Research into metal exposure among Butte residents has found elevated levels of arsenic and manganese in volunteers’ hair and blood. These metals are concerning because chronic exposure to even low levels of lead, mercury, cadmium, and arsenic can cause toxic effects. High copper combined with low zinc, a pattern consistent with the local environment, has been specifically linked to neurodegenerative conditions. Ongoing oxidative stress from redox-active metals can drive chronic inflammation, compounding health risks over time.

Life in a Deadly Lake

One of the most surprising chapters in the Berkeley Pit’s story is biological. Despite conditions that kill most living things (a flock of migrating snow geese that landed on the pit in 1995 died within days), researchers have found a thriving community of extremophile microorganisms in the water. These include bacteria, fungi, algae, and single-celled organisms called protists, all adapted to survive in highly acidic, metal-rich conditions.

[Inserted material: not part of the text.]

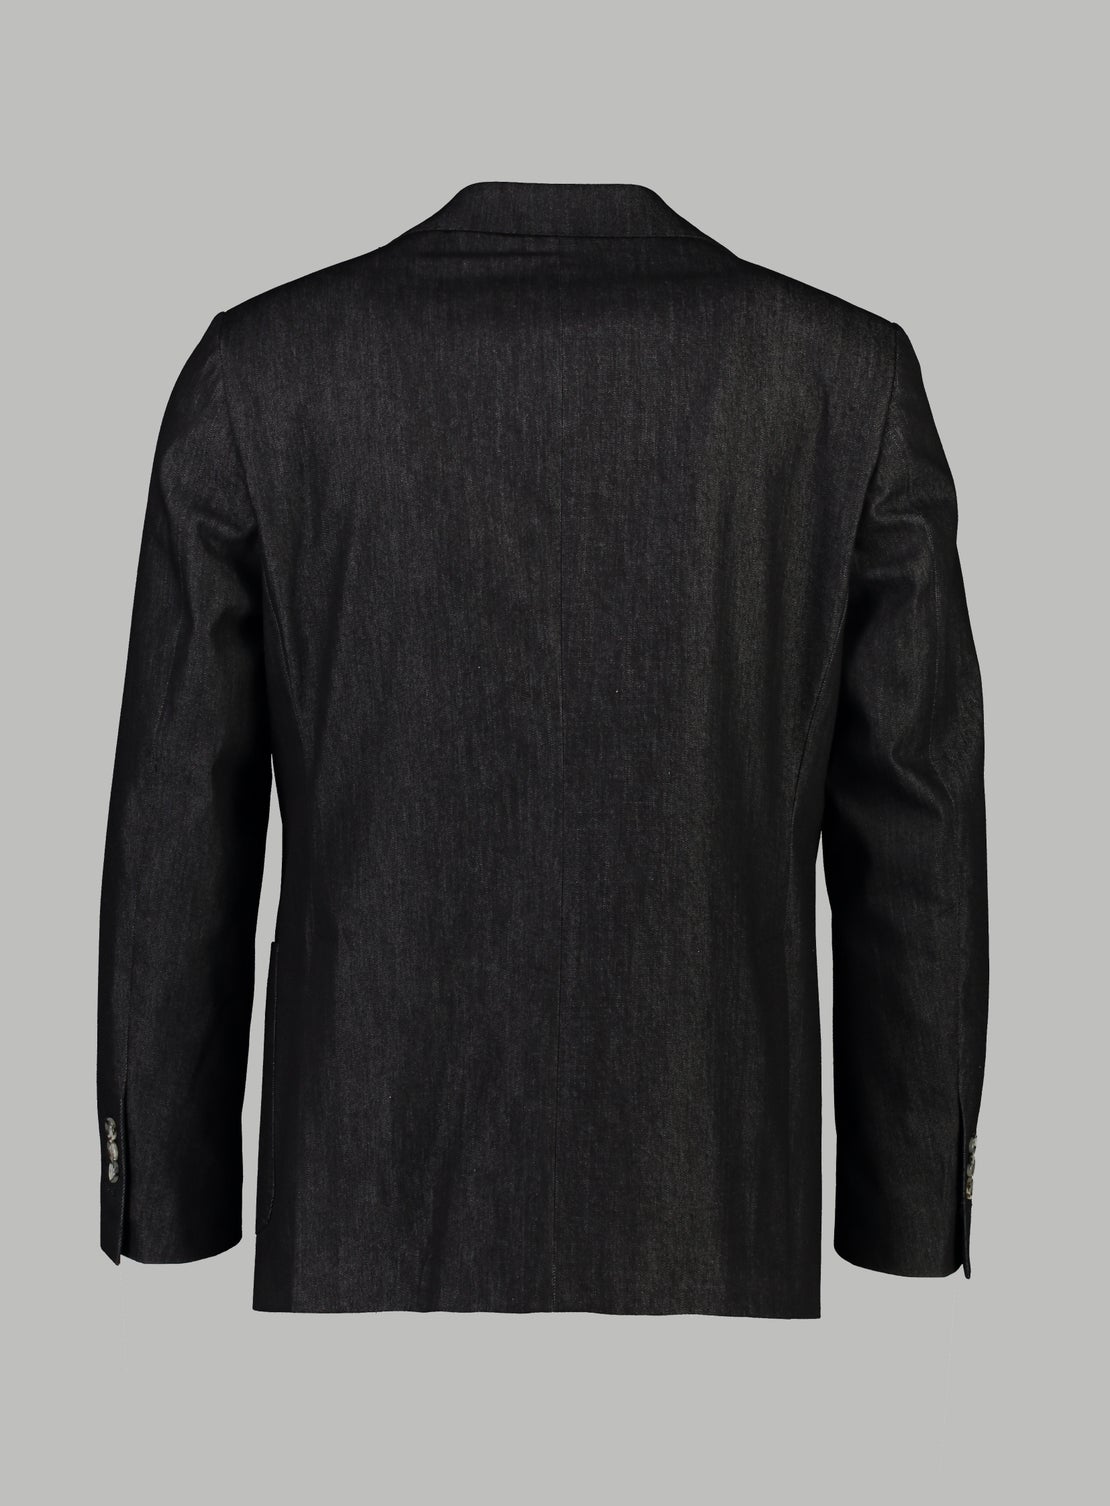 Black Twill Cotton Separates Jacket

For scientists, these organisms are essentially a library of novel chemistry. Of the six microbes that have been studied in depth, five have produced compounds with activity against specific cancer cell lines. A species of Penicillium fungus yielded a compound called berkelic acid that showed activity against ovarian cancer cells in National Cancer Institute screening. Another Penicillium species produced compounds active against non-small cell lung cancer and leukemia cell lines. A third, isolated from the secreted slime of an acid-loving yeast found 50 feet down in the pit lake, produced compounds being evaluated as inhibitors of enzymes involved in inflammation.

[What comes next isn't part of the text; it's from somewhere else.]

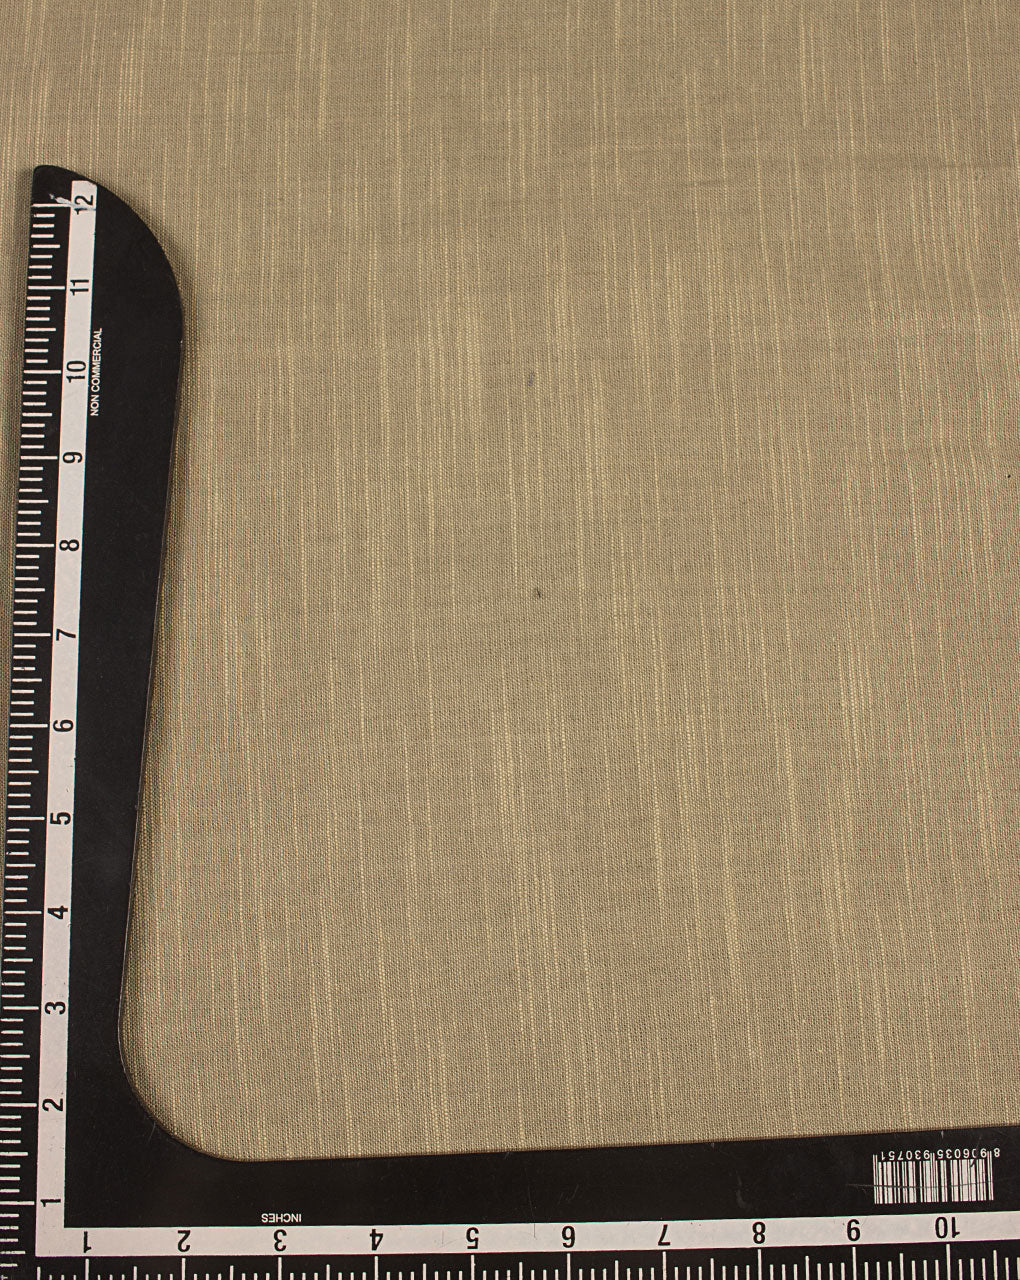 Sage Green Plain Woven Loom Textured Cotton Fabric - Fabriclore.com

One fungus, a Pithomyces species, produced a compound that acts on the same brain receptor targeted by certain antidepressants and blood pressure medications. Another, Chaetomium funicola, yielded compounds that inhibit enzymes linked to both inflammation and cancer progression. None of these have become drugs yet, but the pit has proven to be a remarkably productive source of bioactive molecules precisely because the organisms living there have evolved unusual survival chemistry.

Visiting the Pit

The Berkeley Pit is a genuine tourist attraction, drawing visitors to a viewing platform on its rim. From there, you can look down into the terraced walls of the former mine and see the lake itself, which often appears a striking reddish-brown or deep blue-green depending on light and chemical conditions. The pit sits right at the edge of Butte’s residential neighborhoods, a reminder of how closely the city’s identity is tied to its mining past. Access is managed, and visitors stay well above the water on a designated platform overlooking the excavation.